# Gregors

## Context
Gregors is a B2B2C product and partners with lenders and background screening agencies to help
complete Income and Employment verification needs.
As part of this process the end user accesses either Gregors’s widget embedded in our client’s portal or an order form sent via email or SMS, where they do the following-

1. Search for their employer that they work at currently

2. When a user starts typing we use our internal database of employers; if the employer is
not found, the user is presented with google API results (first two rows) or manual entry
(last row), see screenshot below.

3. Once a user selects an employer, they can either see the Payroll provider login screen
(mapped employers) or see a list of payroll providers.

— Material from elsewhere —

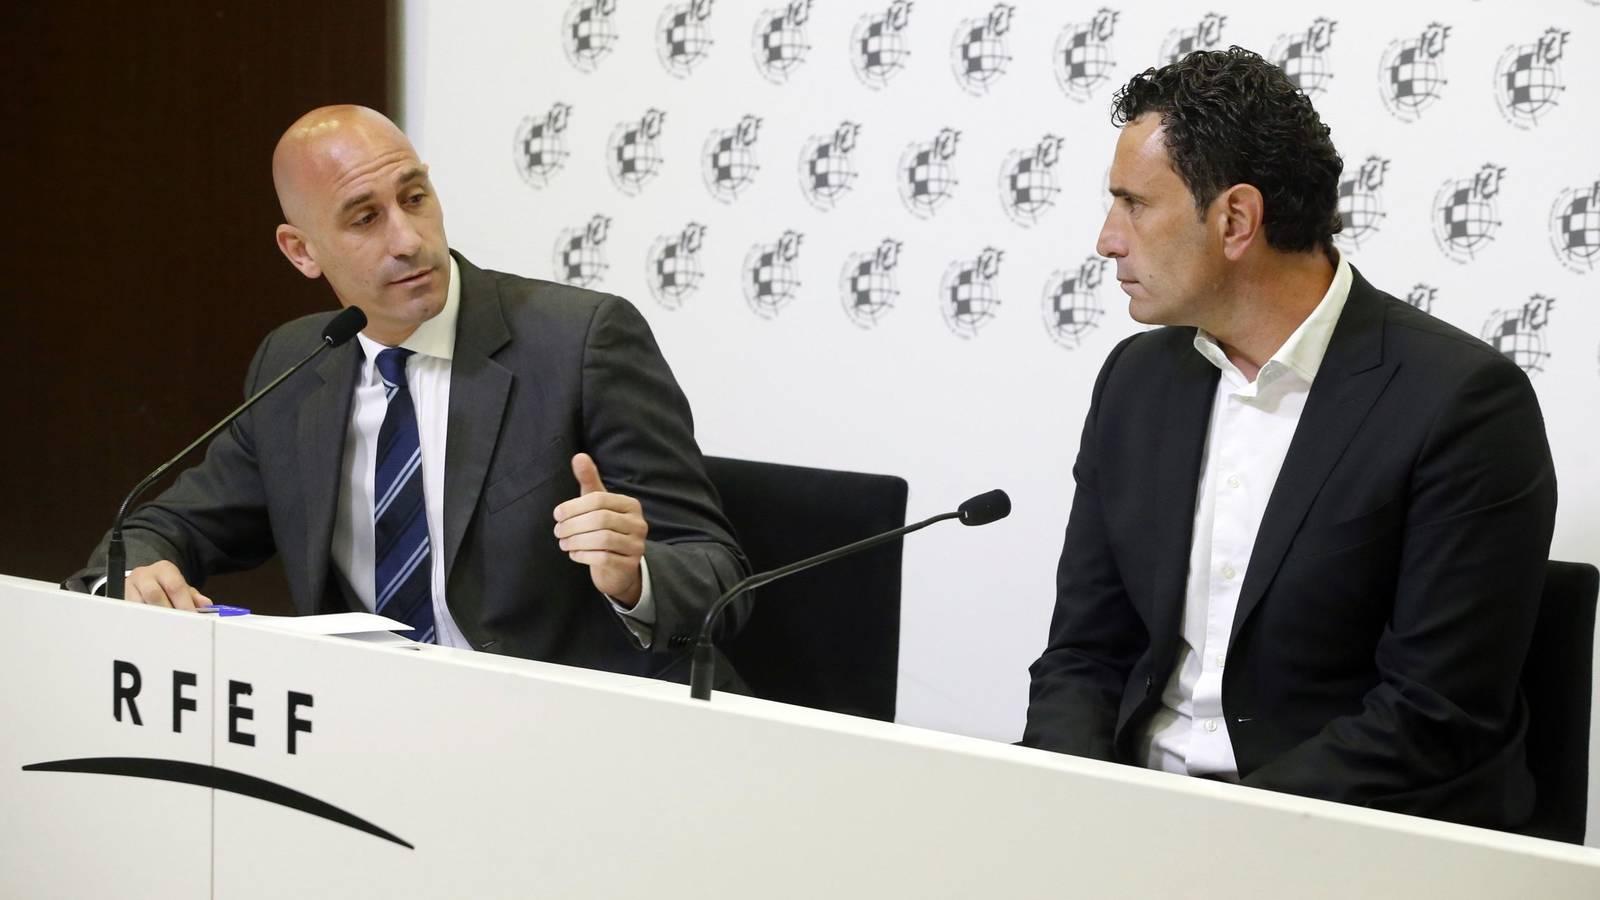 有事宣布?西班牙足协主席将与国家队总监举行新闻发布会
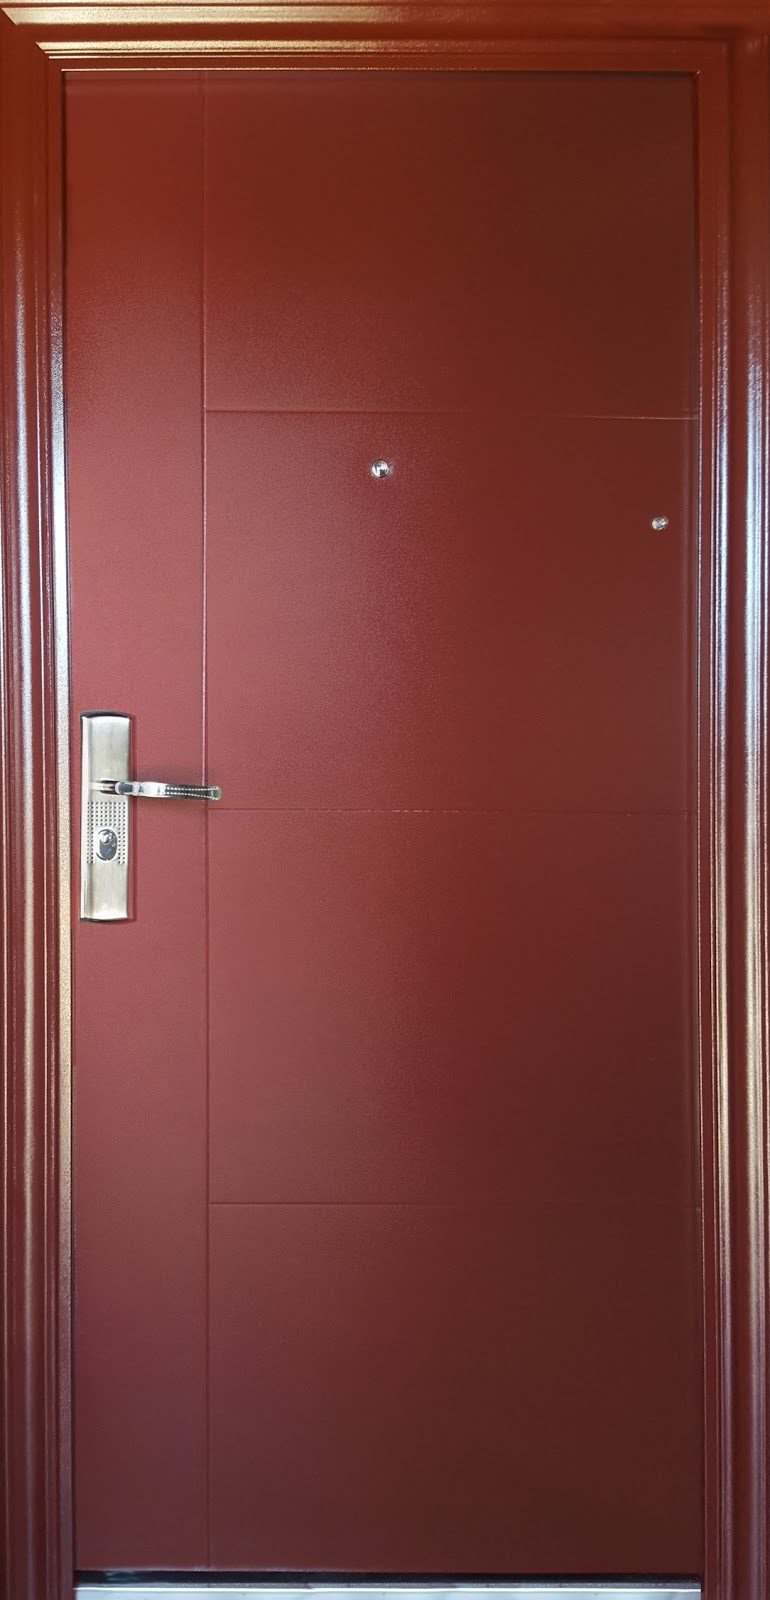 Puertas de seguridad estilo europeo ventanas de aluminio - Puertas seguridad ...

4. Once a user submits their credentials, they end in either Success or Error when user is
let go

| variable                                | sample                      | description                                                                                                  |   |   |
|-----------------------------------------|-----------------------------|--------------------------------------------------------------------------------------------------------------|---|---|
| Client Domain                           | A                           | Client Name                                                                                                  |   |   |
| User Phone Timezone                     | Unknown                     | User device time zone (Unknown: we failed to capture the timezone)                                           |   |   |
| Created At                              | 2023-03-27T20:44:47.283091Z | Date in which the order was created                                                                          |   |   |
| Email Clicks                            |                           0 | Clicks in email links                                                                                        |   |   |
| Email Opens                             |                           0 | Emails that were opened                                                                                      |   |   |
| Emails                                  |                           4 | Emails sent                                                                                                  |   |   |
| Expired                                 |                           1 | Number of expired orders                                                                                     |   |   |
| Order Funnel State                      | 2-Notification sent         | Order state                                                                                                  |   |   |
| Sms                                     |                           0 | SMS sent                                                                                                     |   |   |
| Sms Clicks                              |                           0 | SMS clicked                                                                                                  |   |   |
| Sms Opens                               |                           0 | SMS opened                                                                                                   |   |   |
| Platforms Order Group - Order → Manager | masked@order_manager.org    | Email of the order manager                                                                                   |   |   |
| Platforms Order Group - Order → Source  | internal                    |                                                                                                              |   |   |
| order_has_user_email                    |             TRUE            | If the user´s email was present in the order form (this is used to contact the user and ask them to verify). |   |   |
| order_has_user_phone                    |            FALSE            | If the user´s phone was present in the order form (this is used to contact the user and ask them to verify). |   |   |


The variable “Order Funnel State” tracks the following actions from users:
1. Created: order gets created
2. Notification sent : a notification is sent to the user that wants to verify their information
3. Notification opened: the notification is opened by the user
4. Notification click: the link within the email/message is clicked (this link opens our widget)
5. Widget loaded: the widget is loaded by the user
6. Employer selected: the user searches and selects an employer
7. Viewed provider login: user views the provider login page
8. Submitted login: user submits their credentials
9. Completed: user is able to successfully login to their employer and verify their information


## 1.1) Problem Statement
Our north star metric is “Conversion Rate” which is the ratio of users that successfully complete a verification (Order Funnel State = “9-Completed”).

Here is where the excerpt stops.